Meta AI Introduces ‘Data2vec’ : A Self-Supervised Algorithm That Works For Speech, Computer Vision, and NLP

Many critical recent developments in AI have been enabled by self-supervised learning. Machines learn by directly observing the world rather than being explicitly instructed through labeled images, text, audio, and other data sources.

However, whereas people appear to learn in similar ways regardless of how they obtain information — whether, through sight or hearing, self-supervised learning algorithms currently learn from images, speech, text, and other modalities in quite different ways. 

This disparity has been a critical impediment to deploying breakthroughs in self-supervised learning more generally.

It’s challenging to push multiple modalities forward simultaneously since a great algorithm built for, say, comprehending photos can’t be easily applied to another modality, such as writing. 

This is why Meta AI created data2vec, the first high-performance self-supervised algorithm that works across various modalities. Data2vec exceeded the previous best single-purpose algorithms for computer vision and voice, and it is competitive on NLP tasks when applied independently to audio, pictures, and text.


It also symbolizes a new paradigm of holistic self-supervised learning, in which further research enhances several rather than just one modality.

It also doesn’t use contrastive learning or reconstructed input examples.

In addition to accelerating AI advancement, data2vec moves us closer to creating machines that can learn about different parts of the environment around them in real-time. 

It will create more adaptive AI, which will perform jobs beyond today’s systems’ capabilities.

What is data2vec, and how does it work?

Much of AI is still focused on supervised learning, which only works with data that has been tagged.

While academics have put in a lot of effort to create large-scale labeled data sets for English speech and text, this is not possible for the dozens of languages spoken on the planet. 

Self-supervision allows computers to learn about the environment by looking at it and determining the structure of images, voice, or text.

It’s simply more scalable to have machines that don’t need to be explicitly taught to identify photos or understand spoken language. 

Today’s self-supervised learning research almost typically focuses on a single modality.
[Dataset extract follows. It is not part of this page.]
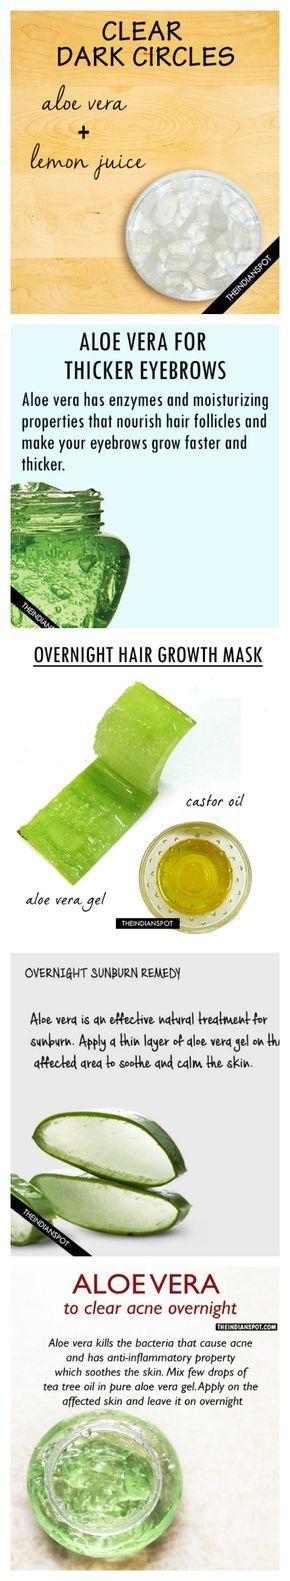 Aloe vera and lemon juice for dark circles

As a result, researchers specializing in one modality often adopt a totally different strategy than those specializing in another.

Researchers train algorithms to fill in blanks in sentences in the case of the text. On the other hand, speech models must learn an inventory of essential speech sounds, like forecasting missing sounds. In computer vision, models are frequently taught to assign comparable representations to a color image of a cow, and the same image flipped upside down, allowing them to correlate the two far more closely than they would with an unrelated image like a duck. 

For each modality, algorithms anticipate distinct units: pixels or visual tokens for images, words for the text, and learned sound inventories for voice. Because a collection of pixels differs significantly from an audio waveform or a passage of text, algorithm creation has been related to a particular modality. This means that algorithms in each modality continue to work differently. 

Data2vec makes this easier by teaching models to anticipate their own representations of the incoming data, regardless of mode. Instead of predicting visual tokens, phrases, or sounds, a single algorithm may work with completely different sorts of input by focusing on these representations — the layers of a neural network.

This eliminates the learning task’s reliance on modality-specific targets.

It was necessary to define a robust normalization of the features for the job that would be trustworthy in different modalities to directly predict representations. 

The method starts by computing target representations from an image, a piece of text, or a voice utterance using a teacher network.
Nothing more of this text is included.